Input : num = 16, k = 3
Output : 0
Explanation : Binary Representation
of 16 is 10000. 3rd LSB is 0.
We can easily solve this problem by following steps :
- Shift the number ‘1’ (K-1) times left.
- This will yield a number with all unset bits but the ‘K’th bit. Now, we’ll perform logical AND of the shifted number with given number.

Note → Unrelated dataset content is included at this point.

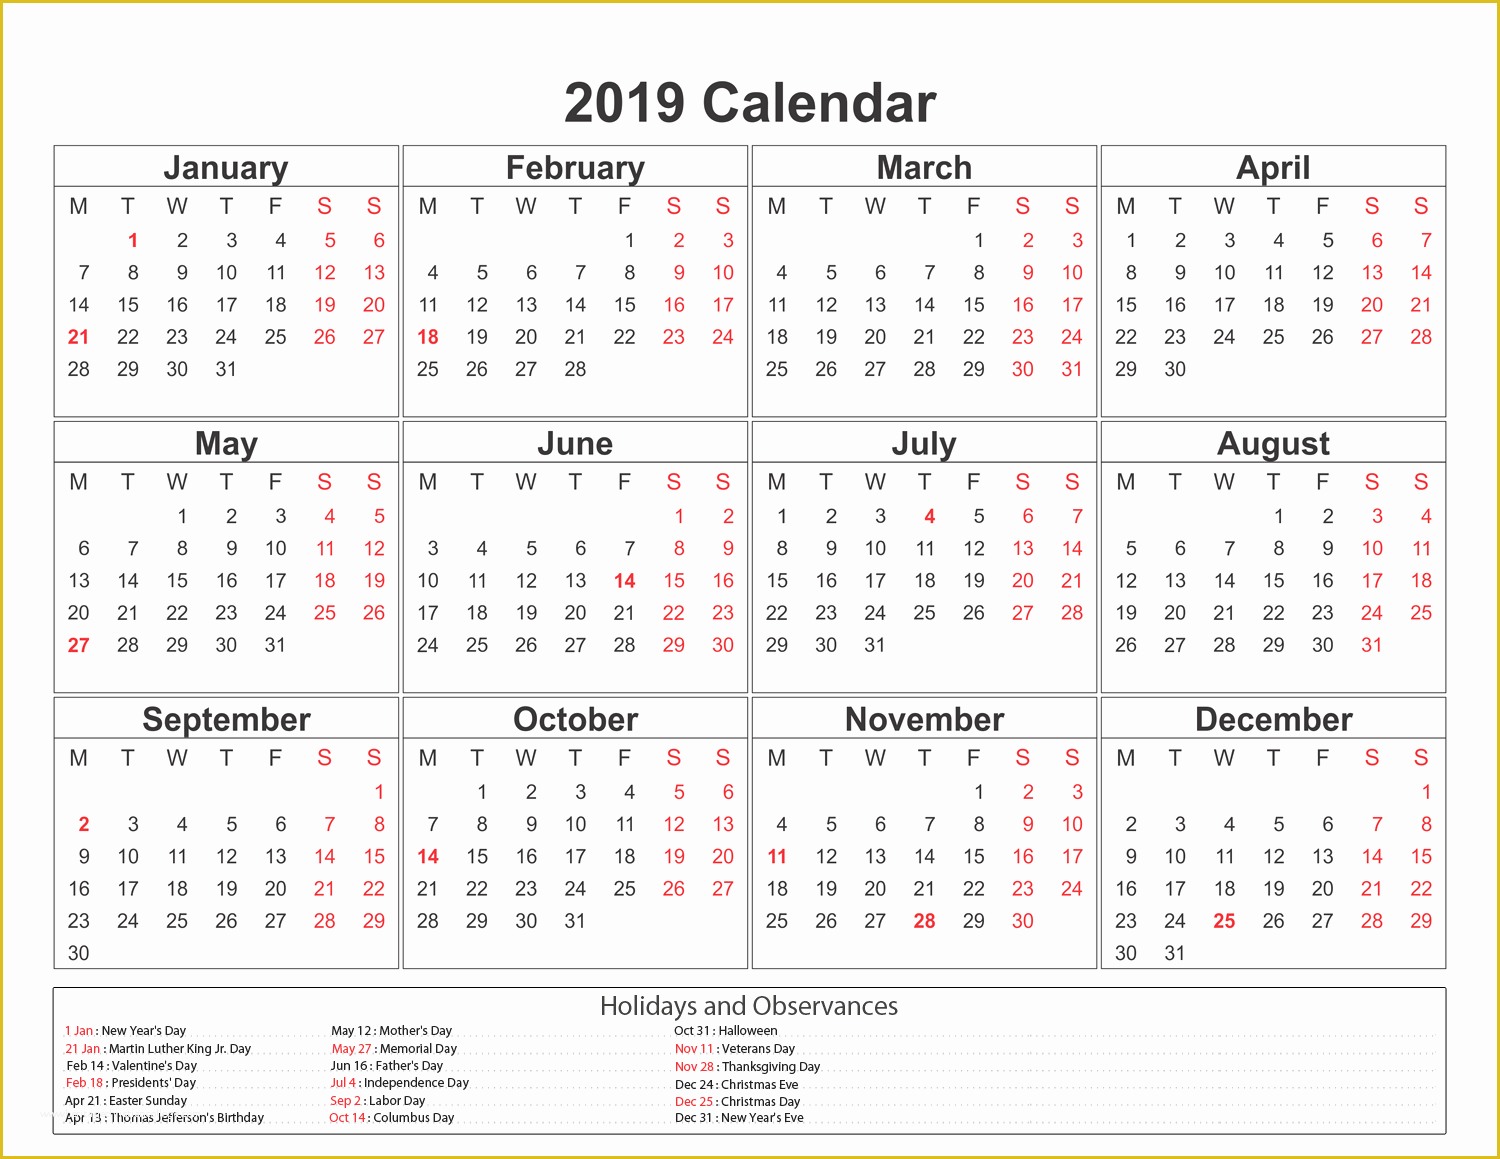 Holiday Schedule Template Free Of Blank Printable Calendar 2019 with Holidays

- All bits except the ‘K’th bit will yield 0, and ‘K’th bit will depend on the number. This is because, 1 AND 1 is 1. 0 AND 1 is 0.
C++
#include <bits/stdc++.h>
using namespace std;
bool LSB(int num, int K)
{
return (num & (1 << (K-1)));
}
int main()
{
int num = 10, K = 4;
cout << LSB(num, K);
return 0;
}
|
java
import java .io.*;
class GFG {
static boolean LSB(int num, int K)
{
boolean x = (num & (1 << (K-1))) != 0;
return (x);
}
public static void main(String[] args)
{
int num = 10, K = 4;
if(LSB(num, K))
System.out.println("1") ;
else
System.out.println("0");
}
}
|
Python3
def LSB(num, K):
return bool(num & (1 << (K - 1) ))
num, k = 10, 4
res = LSB(num, k)
if res :
print(1)
else:
print(0)
|
C#
using System;
class GFG {
static bool LSB(int num, int K)
{
bool x = (num & (1 << (K-1))) != 0;
return (x);
}
static void Main()
{
int num = 10, K = 4;
if(LSB(num, K))
Console.Write("1") ;
else
Console.Write("0");
}
}
|
PHP
<?php
function LSB($num, $K)
{
return ($num & (1 << ($K - 1)));
}
$num = 10;
$K = 4;
$r = LSB($num, $K);
if($r)
echo '1';
else
echo '0';
?>
|
Javascript
<script>
function LSB(num, K)
{
let x = (num & (1 << (K-1))) != 0;
return (x);
}
let num = 10, K = 4;
if(LSB(num, K))
document.write("1") ;
else
document.write("0");
</script>
|
Output :
1
Time Complexity: O(1)
Auxiliary Space: O(1)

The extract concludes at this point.